Pajaro's Casa de Cultura turned into a boutique on Saturday, brimming with gorgeous, good-as-new gowns and dresses in all shapes, colors and sizes.
Here is where it becomes any woman's dream: they were all free.
Throughout the day, over 200 girls came through to pour over the racks, while volunteers helped them find the perfect one. There were even three seamstresses on scene to tailor each dress to its new owner.
"We've had over 225 girls come so far, and most of them went home with two or three dresses," said Cheryl Glover, a volunteer.
Girls were able to get a dress for prom, and many took home a dress for graduation night and their graduation dinner as well.
When a brand new prom dress can cost several hundred dollars, it's easy to see why the High School milestone tradition may be completely out of reach for many.
"Right now the economy is still recovering, families are still cutting expenses, and telling their prom goers, 'you can go to prom, but you're on your own,'" said Santa Cruz City Council Member Tony Madrigal, who helped the recycled prom dress event on Saturday.
"Prom is a very American tradition that all students should be able to participate in," he said.
Madrigal also told Patch that he had heard girls come in saying "I'm just waiting for him to ask me [to prom]'.
"But now that they had the dress, they were going to ask him," smiled Madrigal.
The dress donations help students overcome the hurdle of getting a dress, something Madrigal says helps to "nudge some students out of their shell a little and go to prom."
But the girls who showed up this weekend and last weekend in Santa Cruz are not only getting a little help with their dresses— a local photographer is pitching in for the photo shoot too. And not just for a few. For them all.
Santa Cruz-based photographer Helbard Alkhassadeh of Mockingbird Photography estimates that he handed out almost $10,000 dollars worth of photo shoot vouchers (one for each girl) between this weekend and last weekend. Each voucher is good for a photo shoot on prom night or any time she chooses. She also gets the digital file.
Alkhassadeh says he found out about the event when somebody hung a flier in his studio on Mission Street.
"Even though we've been in business for almost 6 years, I wanted to get our studio more involved with local non-profits and community oriented events," said Alkhassadeh.

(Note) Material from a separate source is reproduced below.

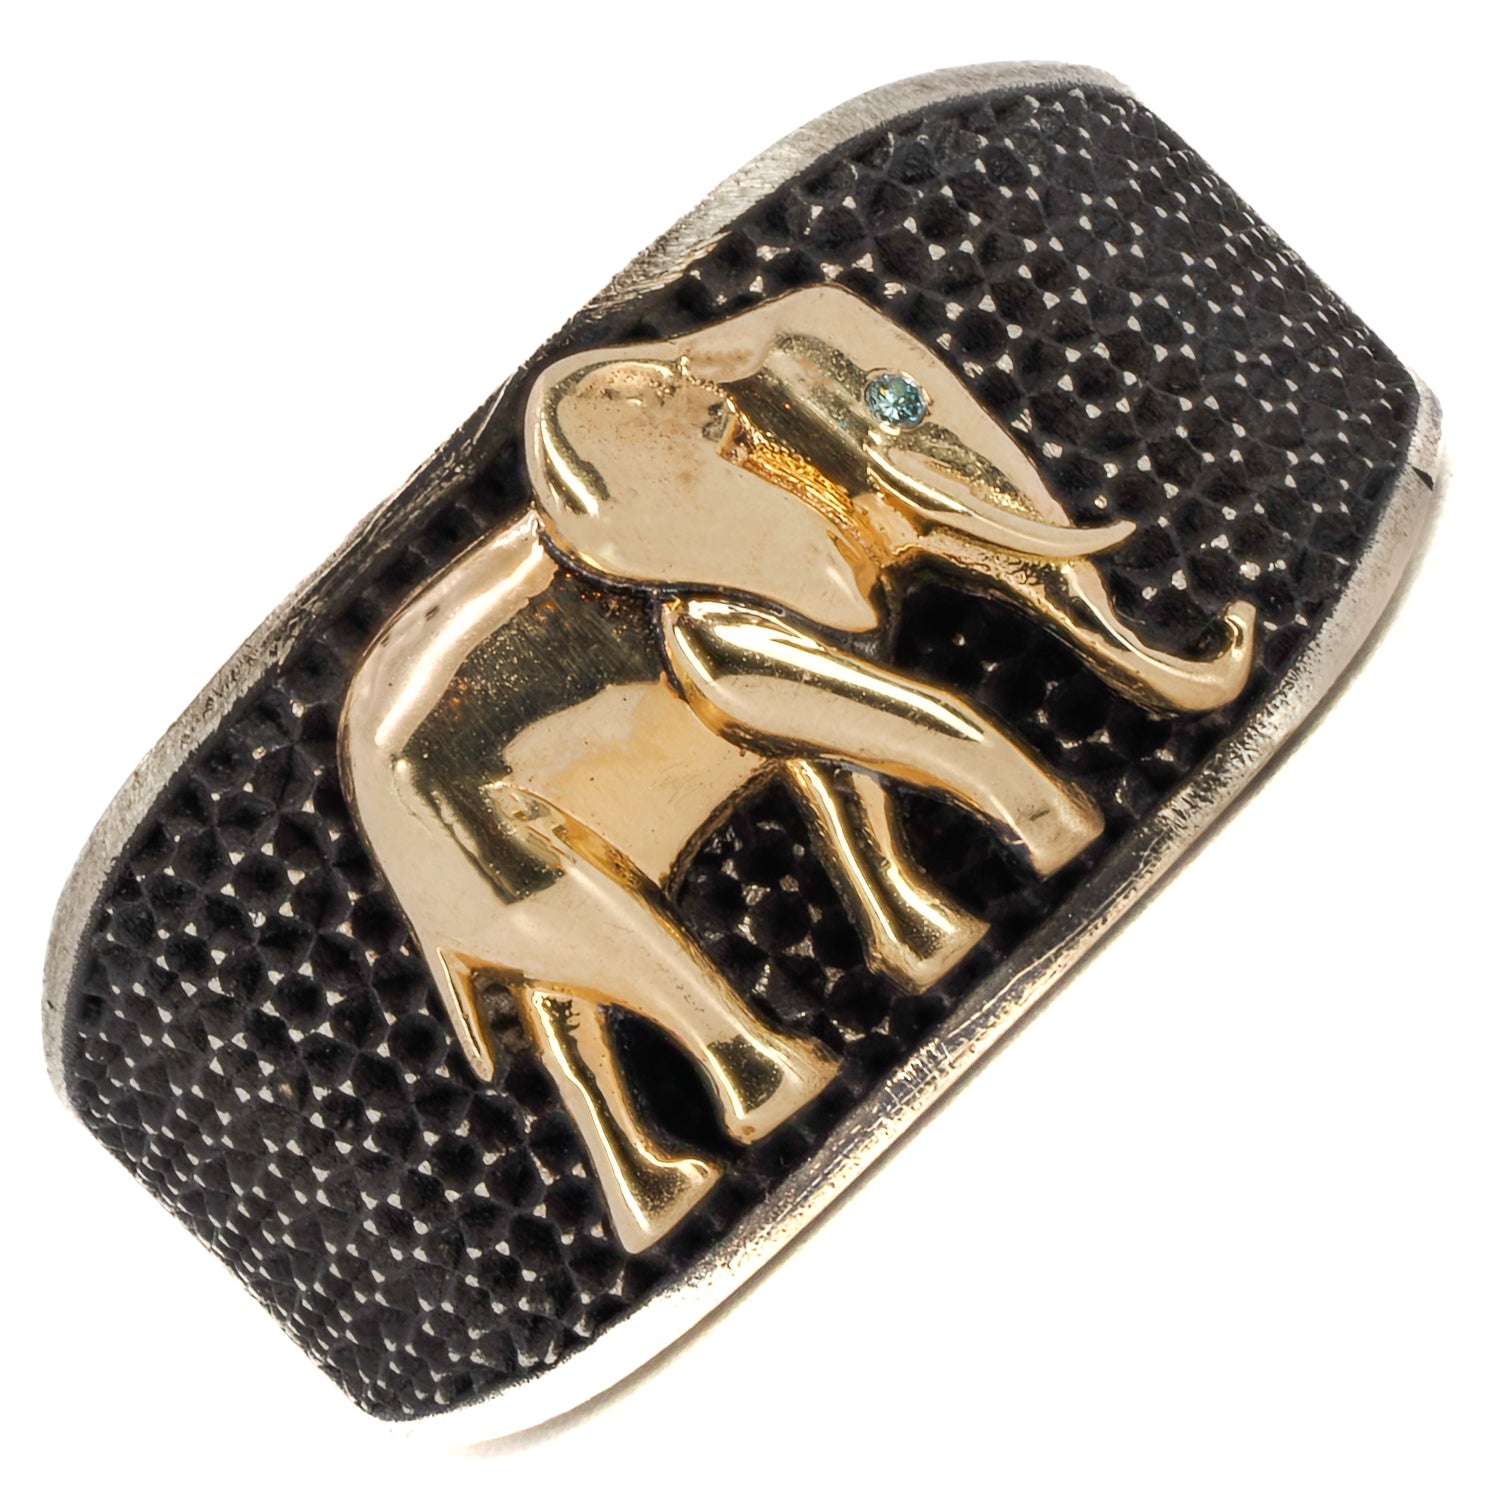 Symbol of Strength and Wisdom - Elephant Ring in Two Precious Metals.

Alkhassadeh gained his purpose to help people in need while working for the county, before he became a professional photographer. His job entailed helping people on government assistance enter the workforce.
"The most difficult part of the job was seeing teenagers try to live a normal life while life at home was anything but normal. It never ceased to surprise me how much our local residents have to struggle with poverty and making ends meet. For a teenager, that struggle can be emotionally and psychologically devastating. Once I decided to pursue my goal as a commercial photographer, I knew those issues in our community were still there," said Alkhassadeh.
Luckily, he isn't the only one working to ease the struggle of financial hardship in the community.
"The main reason that we like to host this is because the great majority of young women who come, their parents are farm workers who aren't able to afford beautiful dresses like these," said Sister Rosa Dolores, the director at the Casa de Cultura.
The Casa de Cultura acts as a resource center for the Watsonville and Pajaro communities, offering services like educational classes for women, literacy classes, nutrition, sewing, and computer classes during the winter time (or off-season) for migrant field workers. They also run a free clinic on Tuesday nights and give music classes, healing touch and aromatherapy and acupuncture.
Mockingbird Photography will be hosting a modeling workshop at no charge, on Saturday, May 19th at 2 p.m.The workshop also discusses online safety and how to manage your image on the web, as well 'everything you need to know' about getting into modeling.